September 2021
Bio Note: In 1976, I moved with my family to Fairbanks, Alaska to teach for a year in the creative writing program at the University of Alaska. I’m still there. I’ve published seven books of poetry, as well as a collection of essays. I’m also an occasional contributor to V-V Talk, most recently a short piece on the unusual Japanese form, the zuihitsu.
Off the Flyway
Three ducks shuffle up from a snow-melt puddle across from the Pumphouse bar and failing to look both ways—or either way—saunter blithely onto asphalt. Two gloss-green and one gray-brown, all clueless to the looming danger cars at sixty pose. So as baffled traffic piles up behind, I brake, honk, stutter to a stop— when finally my racket turns a head. Befuddled flaps and squawkings as wings spread and feathers skim the windshield making for the breath-light vault above the creek-side bar where distant flocks and brooding speculations unfurl a landscape where no people are.
Mt.
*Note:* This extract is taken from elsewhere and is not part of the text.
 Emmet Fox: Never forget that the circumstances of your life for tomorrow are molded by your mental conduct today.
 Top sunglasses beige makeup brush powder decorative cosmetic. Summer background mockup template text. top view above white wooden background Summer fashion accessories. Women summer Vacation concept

Rusty Cars
Tanana Lakes, Fairbanks, Alaska The orange metal of abandoned axles, crumpled hoods, radiators, fenders and parts unknown like some cubist apocalypse after a war— cars totaled on bourbon rollovers at three a.m., stockcars run off the track, pickups sliding on icy pavements into a tree, or the bloody upshot of a road-crossing moose, all roped off and piled in a hillock, rust-orange and brown on which a swallowtail lazes taking in sun and where a sign incised in birch declares with a wink, “Mt. Rusty Cars,” just as we hear a fisherman shout, “Oh, shit!” for the big one that slipped his hook. Our last time here Ben spotted an eagle perched at the top of a spruce. Now he’s moved on into his grown-up life, and like the couple we were in our early years, we tread a path of our own— this morning’s walk meanders down “Chickadee Lane”—taking our time and listening to trills, a yellow-rumped warbler, and is that a hermit thrush? Your cracked pelvis mended, my prostate tumor tamed, yet they forewarn like the riff you performed the other day in a minor key, a requiem without divinity. Last week a small plane went down in the hills killing the pilot—the father of a friend—aged 81. You say, “I don’t even plan to be driving a car by then.” The whole of life comes crashing to an end, but as the horizon angles in precipitous, we cradle moments like these as sunlight sparks through aspen and birch— like holding a newborn granddaughter in your arms, smelling her waxy scalp and kissing her sleepy eyes.